Keywords: organic solar cells, all small molecule, asymmetric disubstitution strategy
Single‐junction all‐small‐molecule organic solar cells with record high PCEs of 15.3% have been demonstrated by a locally asymmetric electron acceptor BTP‐FCl‐FCl and BTR‐Cl donor.
1. Introduction
Solution‐processed bulk‐heterojunction (BHJ) OSCs have a promising application prospect in flexible and portable devices by virtue of tunable absorption range, low material cost, potential for large area device fabrication, and light‐weight.[ 1 , 2 , 3 , 4 ] ASM OSC as a special kind of BHJ OSC, has arisen as a more preferred candidate due to the well‐defined structure and high purity of the small molecules, and the high reproducibility of the devices.[ 5 , 6 , 7 , 8 ] Recently, non‐fullerene acceptors (NFAs) based on Y6 have attracted extensive attentions and experienced a rapid progress in PCE.[ 9 , 10 , 11 , 12 ] Employing the Y6 based NFA, single‐junction binary ASM OSCs with above 14% PCE and ternary ASM OSCs with above 15.8% PCE have been reported.[ 13 , 14 , 15 , 16 ] However, the performance of ASM OSCs still lags behind the polymer donor based OSCs which show PCEs exceeding 18% in single junction binary devices.[ 17 ] The main reason underlying the inferior PCEs of ASM OSCs is that it is difficult to control the morphology of the ASM based active layer that limits the charge separation and transport process. Considering the advantages of small molecules, it is clearly necessary to further improve the photovoltaic performance of ASM OSCs.
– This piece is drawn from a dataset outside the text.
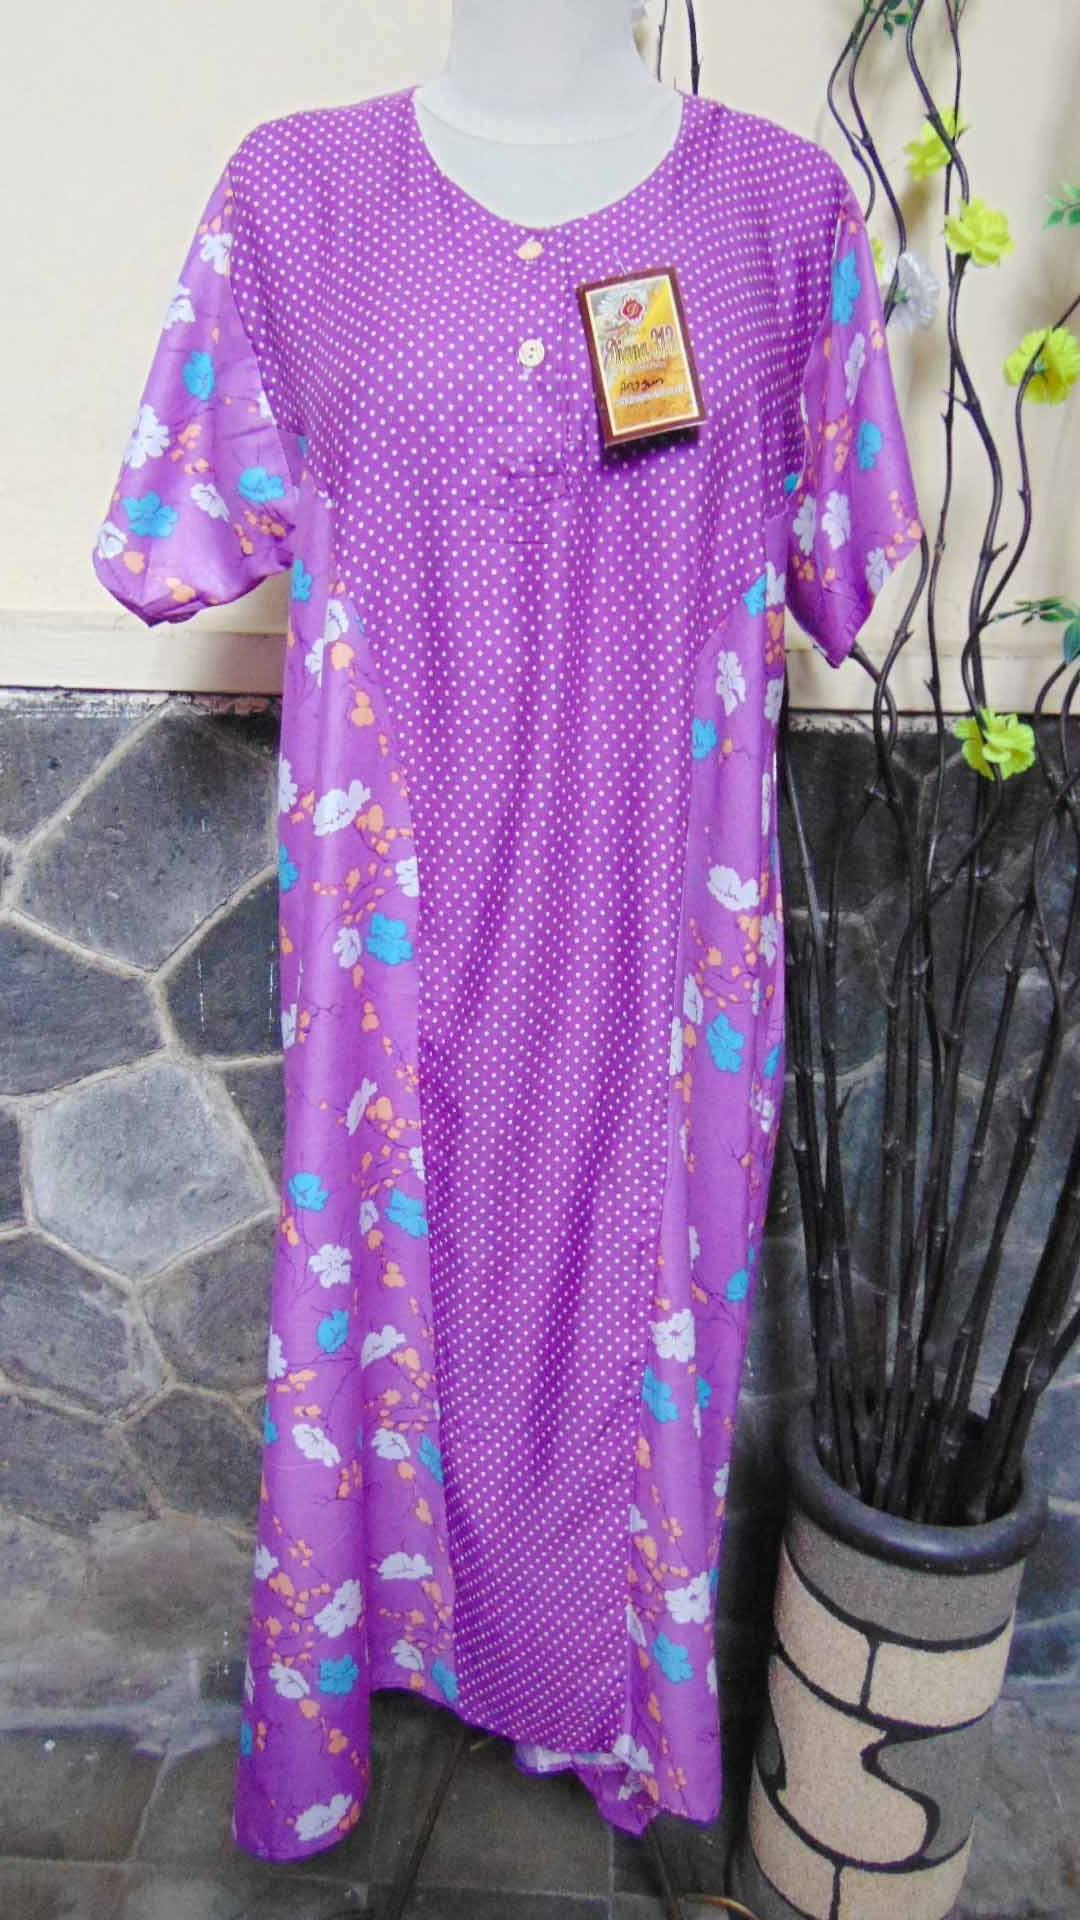 baju tidur santai batik daster wanita lengan pendek pias cantik daster diana motif polka bunga ANEKA WARNA (2)

To further improve the performance of Y6 and to investigate the structure property relationship, a few studies modifying the Y6 structure have been reported. For example, changing the type and number of the halogen element (F, Cl, and Br) on the end group, introducing different end groups into the core skeleton to construct asymmetric structures, changing the side chain length of the conjugated skeleton to adjust the energy level, crystallinity, and solubility, etc.[ 18 , 19 , 20 , 21 , 22 ] As such, F atoms on the Y6 end group were replaced with Cl atoms to synthesize BTP‐4Cl and the OSC PCEs increased from 15.6% to 16.5%.[ 23 ] IC‐2F and IC‐2Cl end groups were introduced to the BTP core to synthesize an asymmetric molecule BTP‐2F‐2Cl affording 16.83% PCE in polymer OSCs.[ 24 ] It is worth noting that the photovoltaic performance of OSCs enhanced with BTP‐4Cl or BTP‐2F‐2Cl acceptor when polymer donors were used, however BTP‐4Cl and BTP‐2F‐2Cl do not match well with strong crystalline small molecule donor materials such as BTR‐Cl. Thus, to design new Y6 based acceptor materials to attain appropriate crystallinity and phase separation with small molecule donor for ASM OSCs is of great importance.
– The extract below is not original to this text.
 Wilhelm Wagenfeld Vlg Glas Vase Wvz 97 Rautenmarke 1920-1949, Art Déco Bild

Energy level alignment (ELA) is an important indicator for designing new OSC materials, and especially useful when predicting the device performance potential consisting of materials with similar energy levels.[ 25 , 26 ] Recently, the electronic static potential (ESP) distributions of non‐fullerene and fullerene acceptors were compared in literature.[ 26 ] Most of the them exhibit a positive ESP, and the value for IT‐4F is larger than that of PC71BM. Moreover, most of the donor materials have a negative ESP. Therefore, the local ESP difference between the donor and acceptor at the D–A interface will generate an intermolecular electric field (IEF), which will facilitate (or hamper for some cases) exciton dissociation. Thus, attaining molecules with suitable ESP is necessary to achieve high‐efficiency OSCs. Random disubstitution of the end groups of a small molecule acceptor has shown the potential of adjusting the ESP and providing appropriate ELA.[ 27 , 28 ]
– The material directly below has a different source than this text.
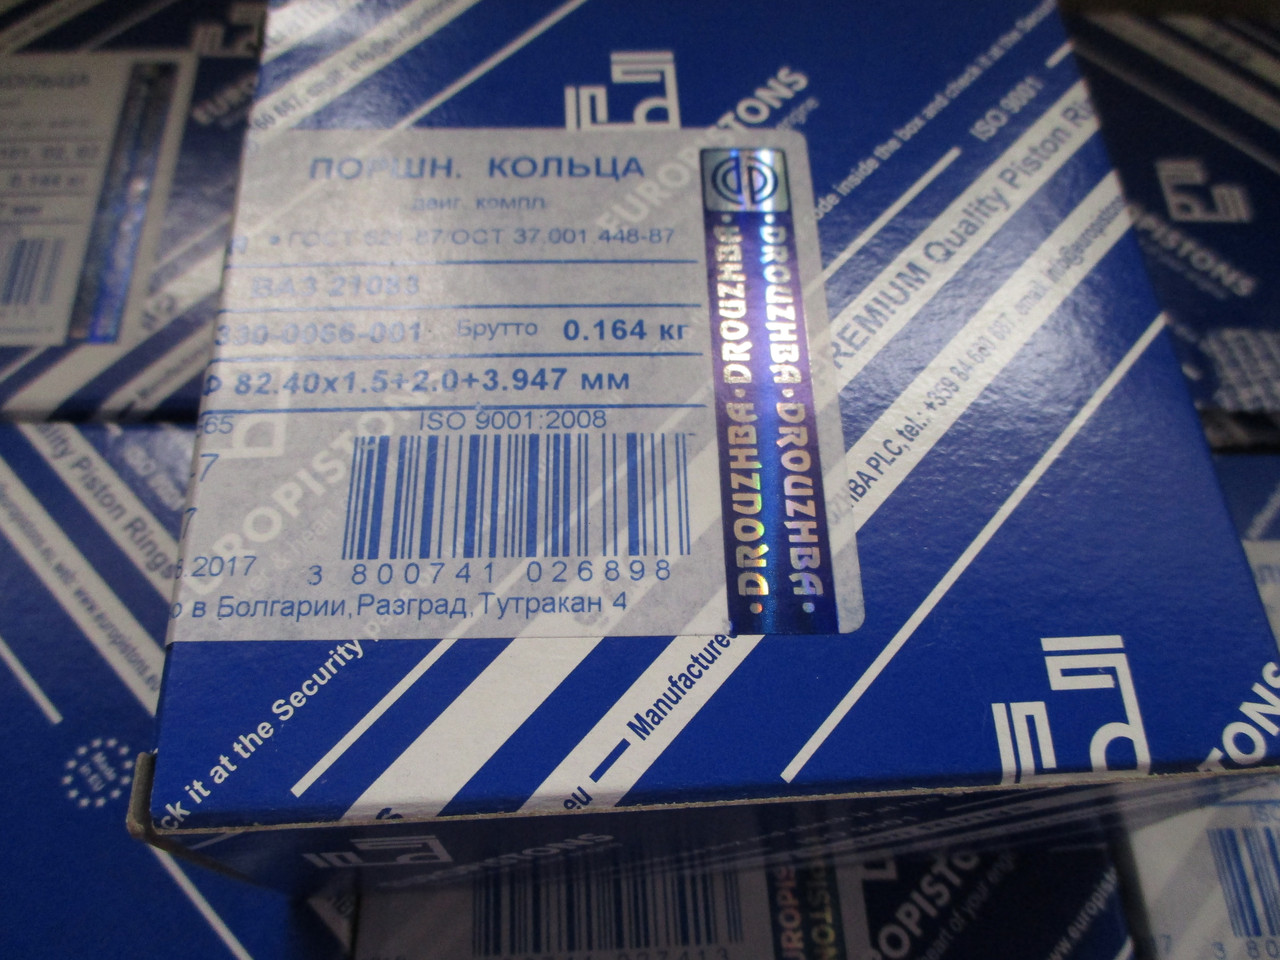 Кольца поршневые ДружбаБолгария 2108 76.4

Compared with the globally asymmetric isomer BTP‐2F‐2Cl, the average ESP of locally asymmetric F, Cl disubstitution BTP‐FCl‐FCl is larger and the ESP distribution is less disorder, resulting in stronger and more orderly IEF formed between BTR‐Cl donor and BTP‐FCl‐FCl acceptor, which is beneficial for charge generation and extraction. In addition, BTP‐FCl‐FCl reveals appropriate crystallinity, more favorable domain size, and phase separation. In comparison with the BTP‐2F‐2Cl based devices, the BTP‐FCl‐FCl based devices show faster charge extraction, longer charge carrier lifetime, and additionally, much less recombination. Therefore, optimized FF and J SC are improved from 71.41% to 75.36% and 22.35 to 24.58 mA cm−2, with V OC maintained, leading to a higher PCE of 15.3%.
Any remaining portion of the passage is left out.